ばっかじゃねぇの…自分が辛い時に…他人のこと…。
そこまで考えて、ジタンは不意に、それが普段の自分と同じ姿であることに気付いた。
「…う…ぁ…ぁ…」
感じたのは、恐怖だった。
理由の解らない、底知れない恐怖だった。
『ウォーリア』に対してではない。ましてや、セシルでもない。
原因も、向けられた方向も解らない恐怖。
しかし、ジタンがそれの正体を理解出来るまで、状況は待ってはくれなかった。
矢継ぎ早に『ウォーリア』から繰り出される火炎を、光の噴火を避けながら、見え始めた出口に向かい、セシルは一直線に上昇し続ける。
速度は既に、通常セシルが走る速度を超えていた。
「ばっ…無茶だ…!」
無視をされた。
『ウォーリア』は、無表情のまま追ってくる。
…ふと気付いた。
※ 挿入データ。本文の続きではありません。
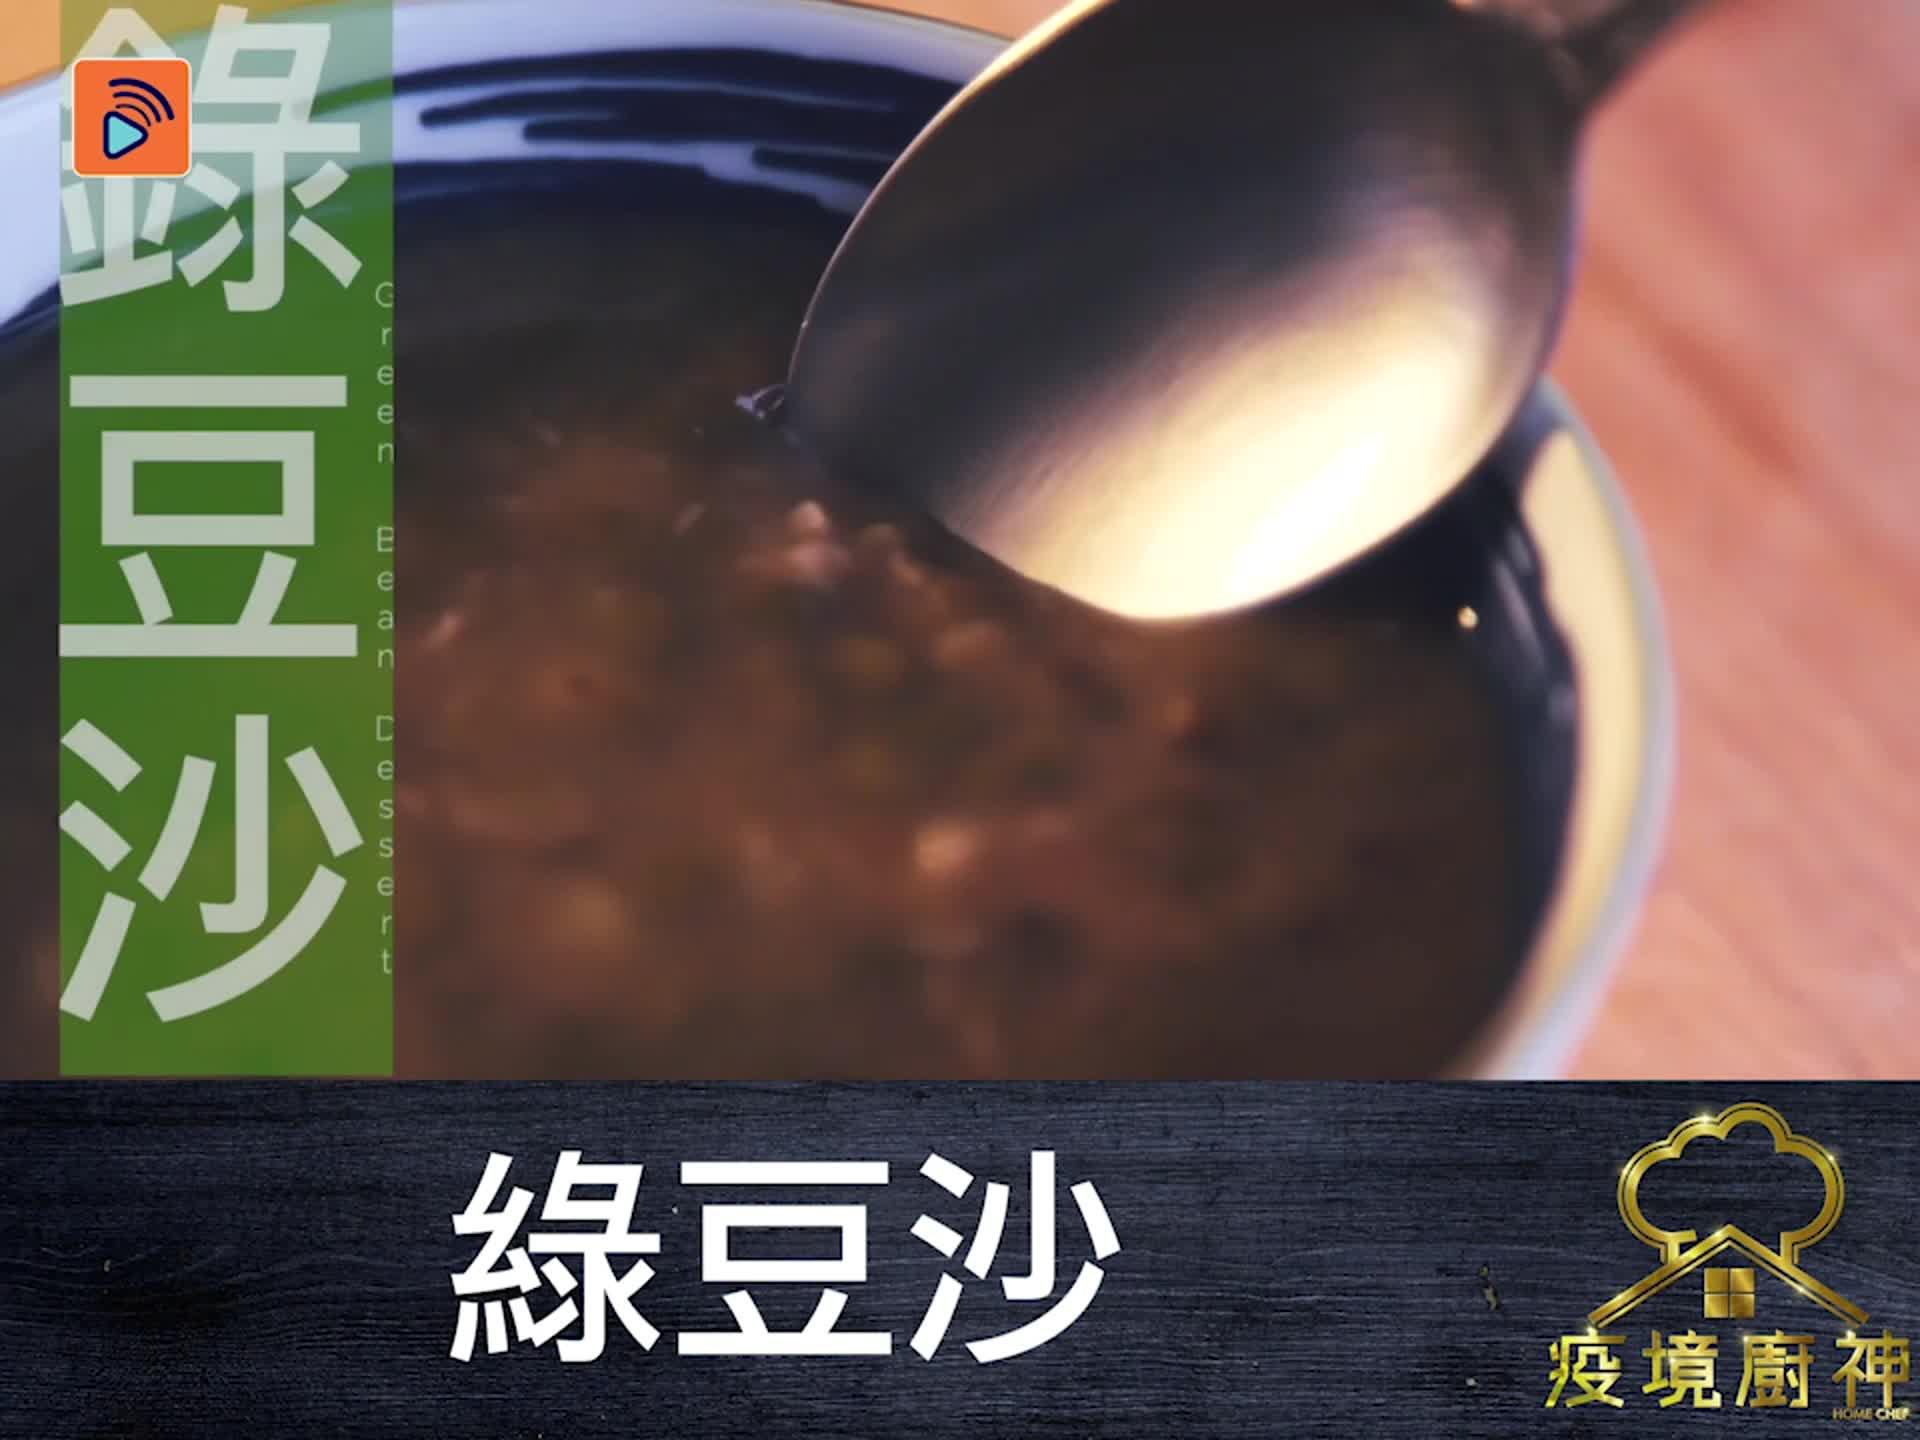 【綠豆沙】傳統清熱解毒甜品!竟然用英文教煮咁型?!
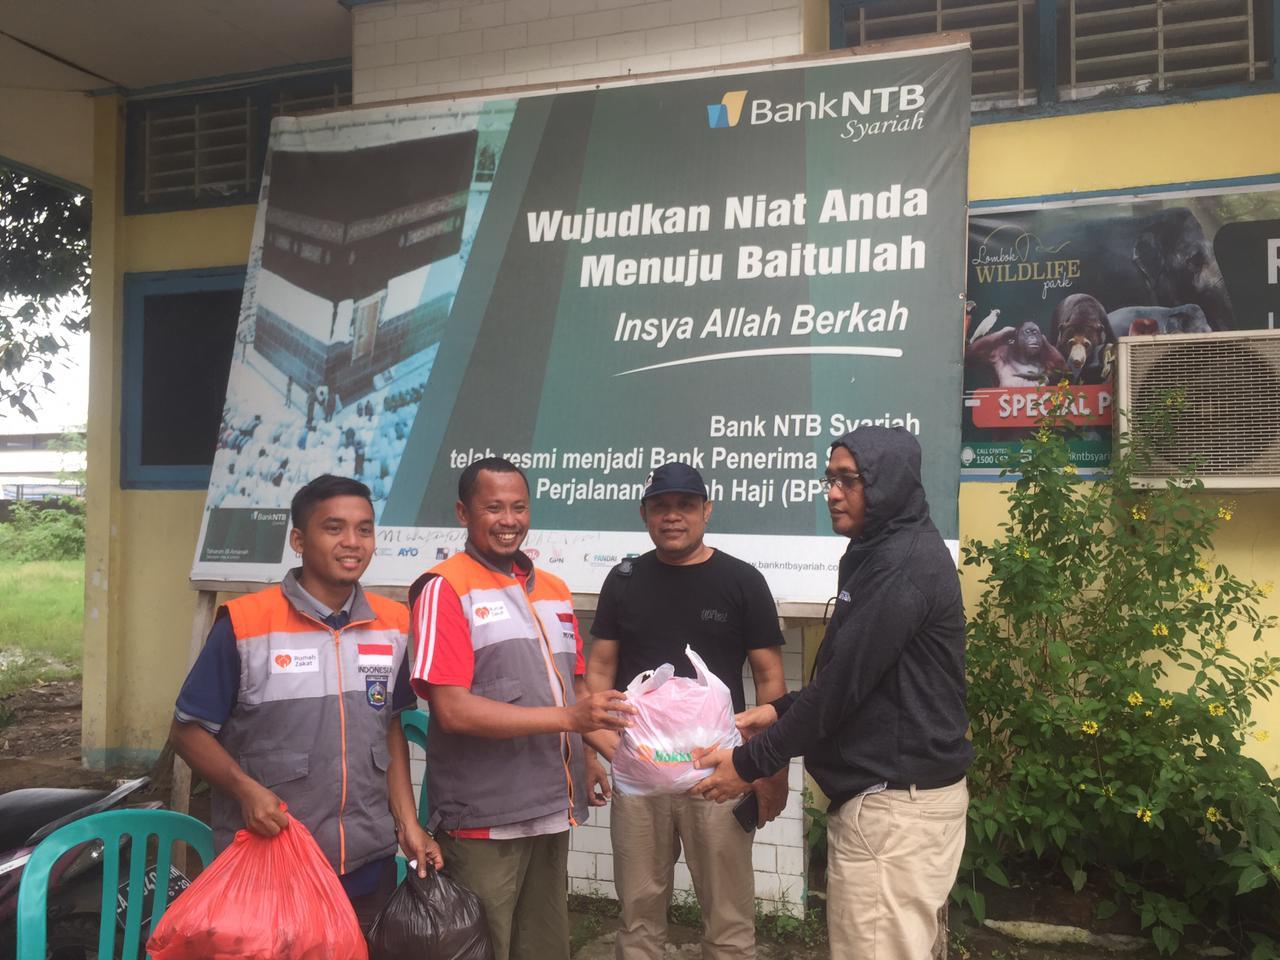 PT-Bank-NTB-Syariah-Cabang-Bima-Distribusi-Air-Bersih-dan-Makanan-Siap-Saji-Bagi-Korban-Banjir.html

『フリオニール』が居ない。
…悪寒が…した…。
「『フリオニール』、は…?」
ジタンは恐る恐る問う。
セシルは、今度はきちんと答えてくれた。
「解らない」
ジタンは一瞬呆けた。
「わか…え?」
「…動けない…とは、思う。両足…を、砕いたから…。」
でも倒せてはいない。と、セシルは言った。
足を砕いても全身は砕けなかった。相手は痛みを感じない身体だから、そんな身体でも攻撃は止まなかった。
でも。
そう言ったところで、セシルは何度目かの火炎を避けた。